Quickstart examples

Quickstart examples#

This guide will help you get started with ContextGem by walking through basic extraction examples.

Below are complete, self-contained examples showing how to extract data from a document using ContextGem.

🔄 Extraction Process#

ContextGem follows a simple extraction process:

Create a Document instance with your content
Define Aspect instances for sections of interest
Define concept instances (StringConcept, BooleanConcept, NumericalConcept, DateConcept, JsonObjectConcept, RatingConcept) for specific data points to extract, and attach them to Aspect (for aspect context) or Document (for document context).
Use DocumentLLM or DocumentLLMGroup to perform the extraction
Access the extracted data in the document object

📋 Aspect Extraction from Document#

Tip

Aspect extraction is useful for identifying and extracting specific sections or topics from documents. Common use cases include:

Extracting specific clauses from legal contracts
Identifying specific sections from financial reports
Isolating relevant topics from research papers
Extracting product features from technical documentation

# Quick Start Example - Extracting aspect from a document

import os

from contextgem import Aspect, Document, DocumentLLM


# Example document instance
# Document content is shortened for brevity
doc = Document(
    raw_text=(
        "Consultancy Agreement\n"
        "This agreement between Company A (Supplier) and Company B (Customer)...\n"
        "The term of the agreement is 1 year from the Effective Date...\n"
        "The Supplier shall provide consultancy services as described in Annex 2...\n"
        "The Customer shall pay the Supplier within 30 calendar days of receiving an invoice...\n"
        "This agreement is governed by the laws of Norway...\n"
    ),
)

# Define an aspect with optional concept(s), using natural language
doc_aspect = Aspect(
    name="Governing law",
    description="Clauses defining the governing law of the agreement",
    reference_depth="sentences",
)

# Add aspects to the document
doc.add_aspects([doc_aspect])
# (add more aspects to the document, if needed)

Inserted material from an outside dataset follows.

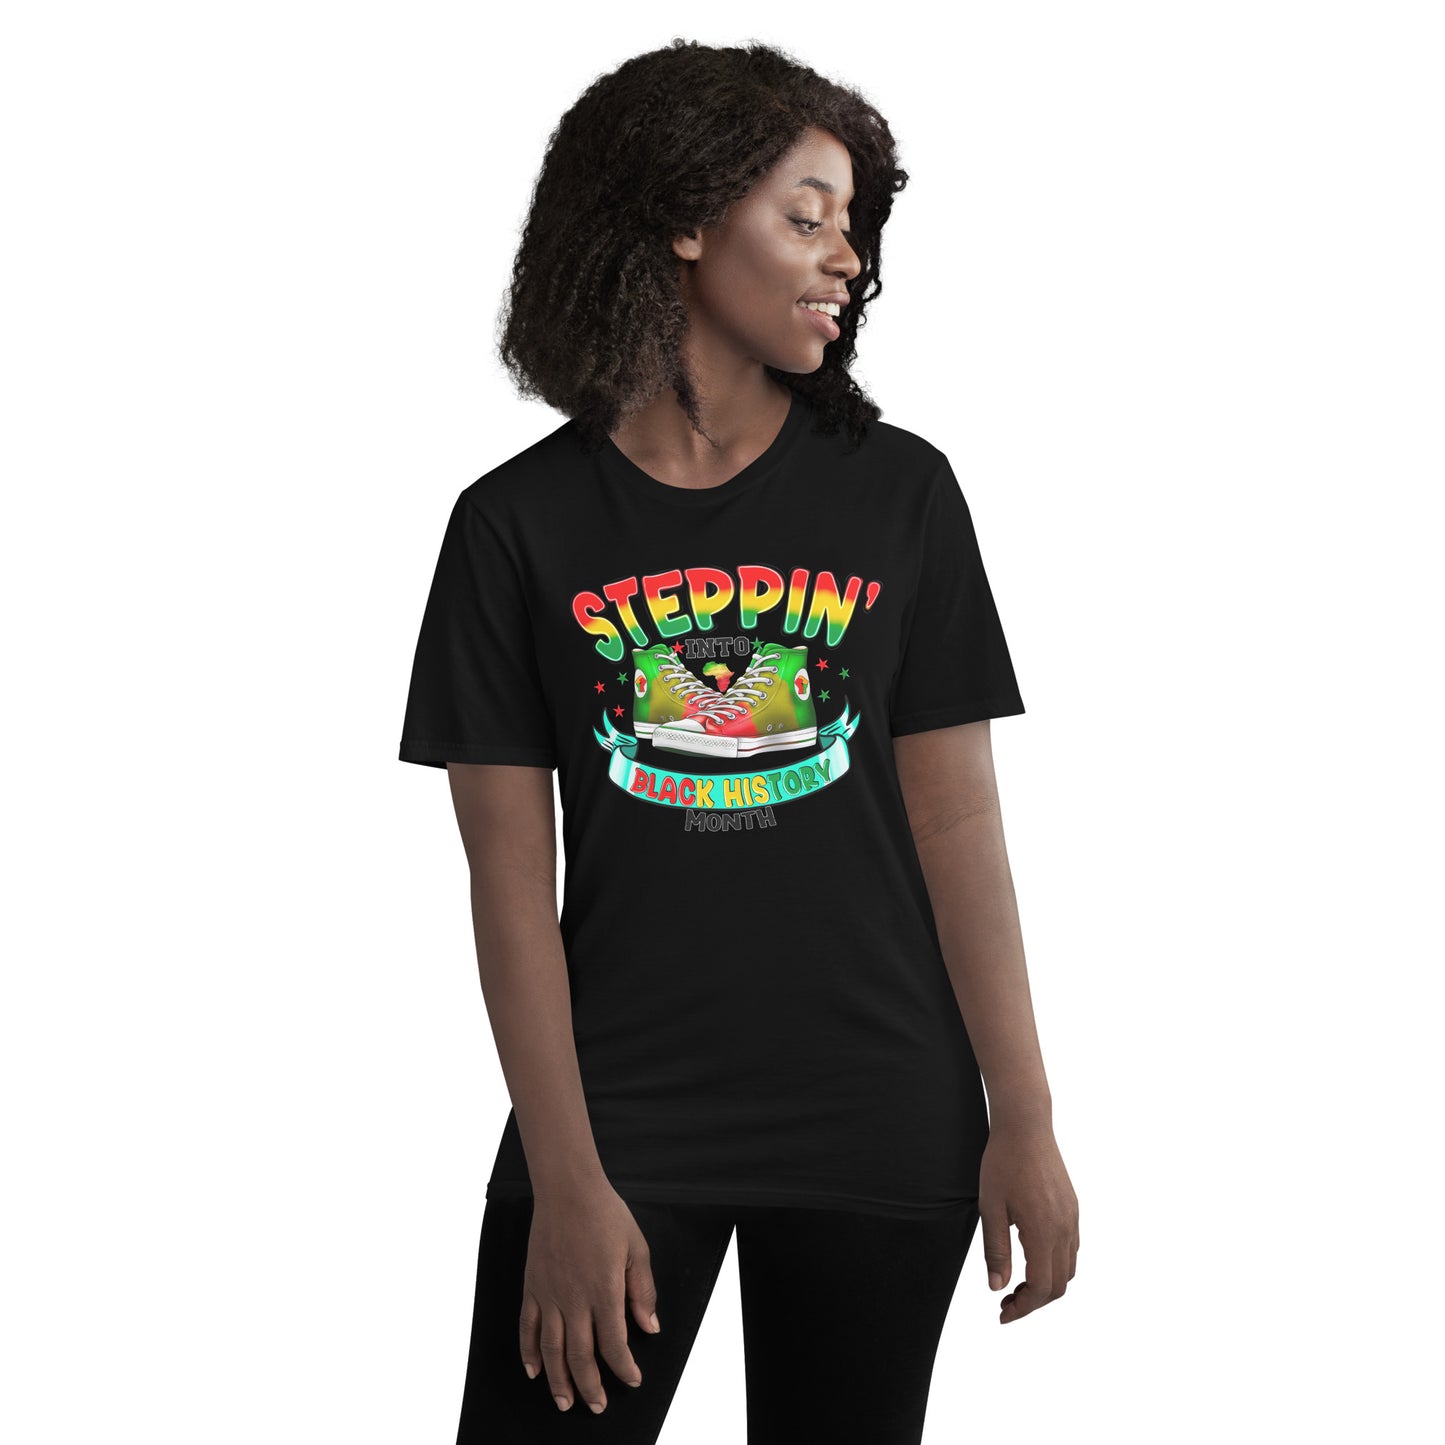 Short-Sleeve T-Shirt - Steppin Into Black History Month

# Create an LLM for extraction
llm = DocumentLLM(
    model="openai/gpt-4o-mini",  # or any other LLM from e.g. Anthropic, etc.
    api_key=os.environ.get("CONTEXTGEM_OPENAI_API_KEY"),  # your API key
)

# Extract information from the document
extracted_aspects = llm.extract_aspects_from_document(doc)
# or use async version llm.extract_aspects_from_document_async(doc)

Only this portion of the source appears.